Input / Output

Reading and Writing of meteorological data

enstools.io.drop_unused(ds)

COSMO is one example of a model which stores all possible coordinates within the output files even if no data variables are present which would use these variables. This function checks all coordinates and removes those that are not used by any data variable. Unused dimensions are also removed from the dataset.

Some special coordinates are kept: - rotated_pole

Parameters

dsxarray.Dataset: Dataset to check.

Returns

xarray.Dataset:: a copy of the input dataset with removed coordinates.

enstools.io.get_file_type(filename: str, only_extension=False)

use the first bytes to guess the type of input files

Parameters

filenamestring: name of the file to check
only_extensionbool: if True, only the file name is checked. This is useful for not yet created files.

Returns

string: NC, HDF, GRIB

enstools.io.read(filenames: Union[List[str], Tuple[str], str, Path, List[Path]], constant=None, merge_same_size_dim=False, members_by_folder=False, member_by_filename=None, decode_times=True, **kwargs)

Read multiple input files

Parameters

filenameslist of str or tuple of str or str

names of individual files or filename pattern

merge_same_size_dimbool

dimensions of the same size but with different names are merged together. This is sometimes useful to merge datasets from different file formats (e.g., grib and netcdf). Default: False.

members_by_folderbool

interpret files in one subdirectory as data from the same ensemble member. This is useful if the ensemble member number if not stored within the input file. Defaut: False.

member_by_filenamestr

string containing a regular expression to read to ensemble member from the file names. The first group within this regex has to match an integer. Example: member_by_filename=”_P(\d+).nc” would be able the read the 12 from the file name AROME-EPS_2012110500_P12.nc.

constantstr

name of a file containing constant variables.

decode_times: bool

decode the times

**kwargs

all arguments accepted by xarray.open_dataset() of xarray.open_mfdataset() plus some additional:

drop_unused: bool: remove unused coordinates. This improves the performance of the merge process. The merge process compares the coordinates from all files with each other.
in_memory: bool: store the complete arrays in memory. Data is still handled as dask arrays, but not backed by the input files anymore. This works of course only for datasets which fit into memory.
leadtime_from_filename: bool: COSMO-GRIB1-Files do not contain exact times. If this argument is set, then the timestamp is calculated from the init time and the lead time from the file name.

Returns

xarray.Dataset: in-memory representation of the content of the input file(s)
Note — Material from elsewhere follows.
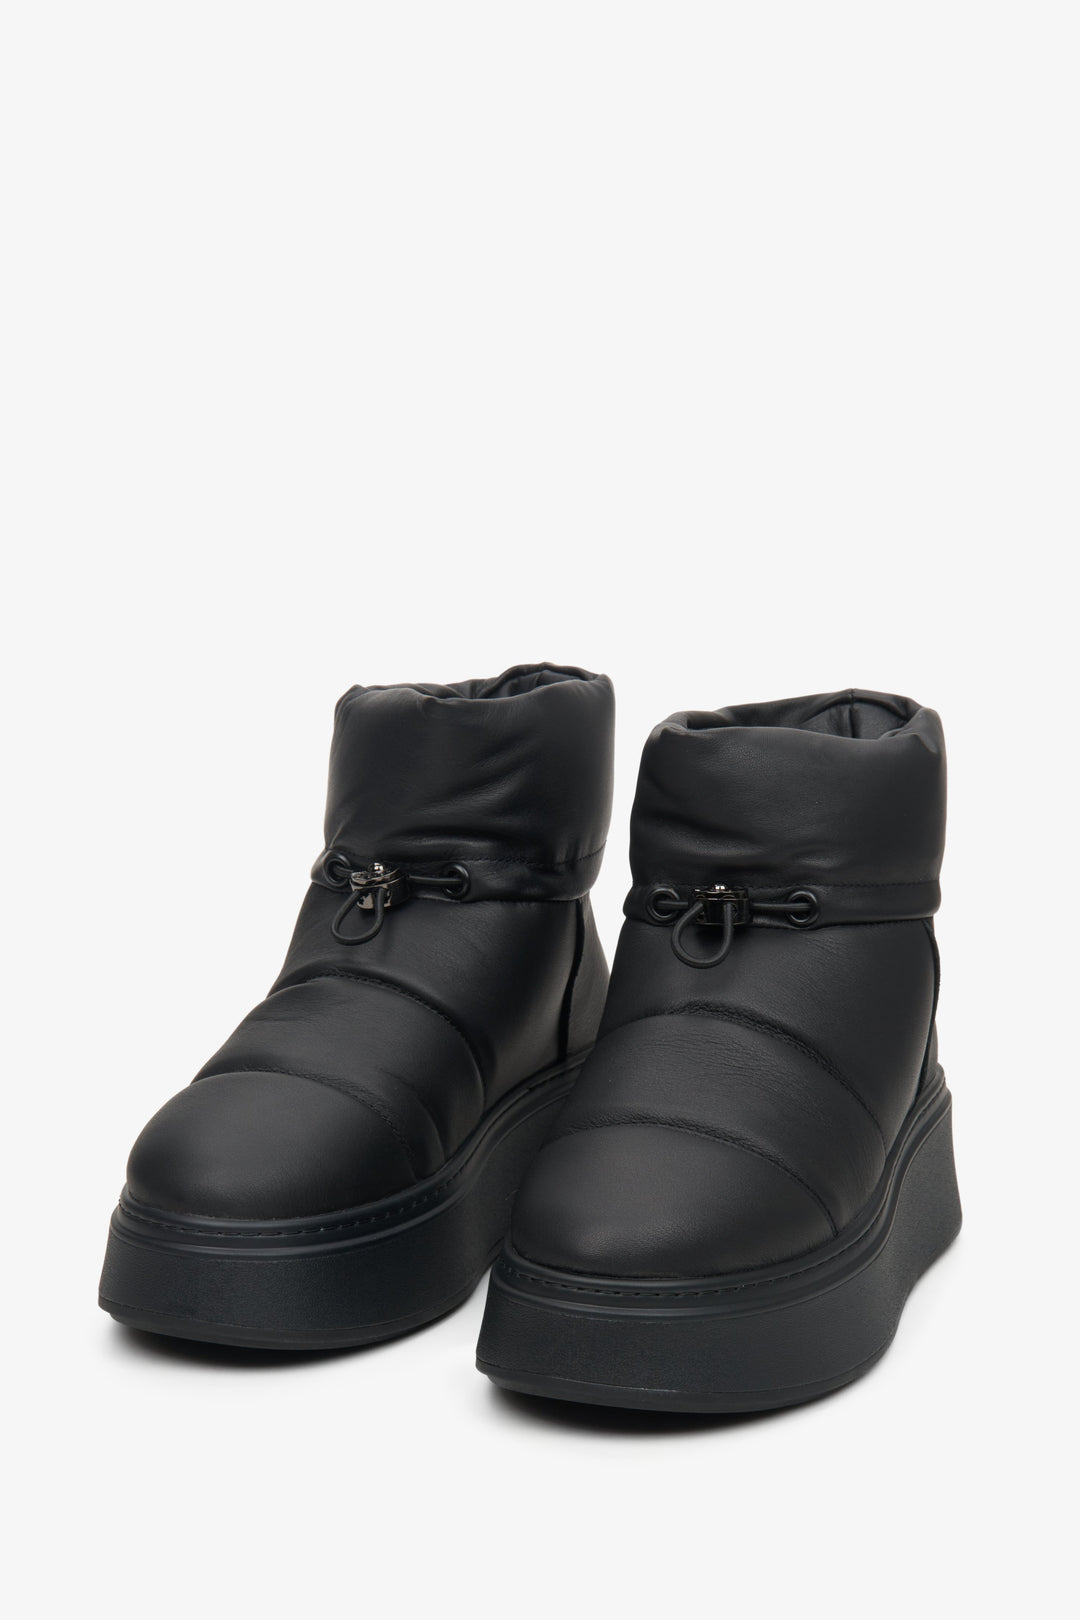 Women's black leather snow boots by Estro.

enstools.io.write(ds: Union[Dataset, DataArray], file_path: Union[str, Path], file_format: Optional[str] = None, compression: Optional[Union[str, dict]] = None, compute: bool = True, engine: str = 'h5netcdf', format: str = 'NETCDF4')

write a xarray dataset to a file

Parameters

dsxarray.Dataset

the dataset to store

file_pathstring or Path

the file to create

file_format{‘NC’}

string indicating the format to use. if not specified, the file extension if used.

compressionstring

Used to specify the compression mode and optionally additional arguments. The parameter follows the rules defined in enstools-encoding. (https://gitlab.physik.uni-muenchen.de/w2w/enstools-encoding.git)

To apply lossless compression we can just use:: “lossless”
Or we can select the backend and the compression level using the following syntax:: “lossless,backend,compression_level”
The backend can be one of:: ‘blosclz’ ‘lz4’ (default) ‘lz4hc’ ‘snappy’ ‘zlib’ ‘zstd’

and the compression level must be an integer from 1 to 9 (default is 9). Few examples:

“lossless,zstd,4” “lossless,lz4,9” “lossless,snappy,1”

Using “lossless” without additional arguments would be equivalent to “lossless,lz4,9”

For lossy compression, we might be able to pass more arguments:: “lossy”
The lossy compressors available will be:: ‘zfp’ ‘sz’
For ZFP we have different compression methods available:: ‘rate’ ‘accuracy’ ‘precision’
For SZ we have also different compression methods available:: ‘abs’ ‘rel’ ‘pw_rel’

Each one of this methods require an additional parameter: the rate, the precision or the accuracy. The examples would look like:

‘lossy,zfp,accuracy,0.2’ ‘lossy,zfp,rate,4’

There are also few features that target datasets with multiple variables. One can write a different specification for different variables by using a list of space separated specifications:

‘var1:lossy,zfp,rate,4.0 var2:lossy,sz,abs,0.1’

For more details see the corresponding documentation.

Another option would be to pass the path to a YAML configuration file as argument.

computebool

Dask delayed feature. Set to true to delay the file writing.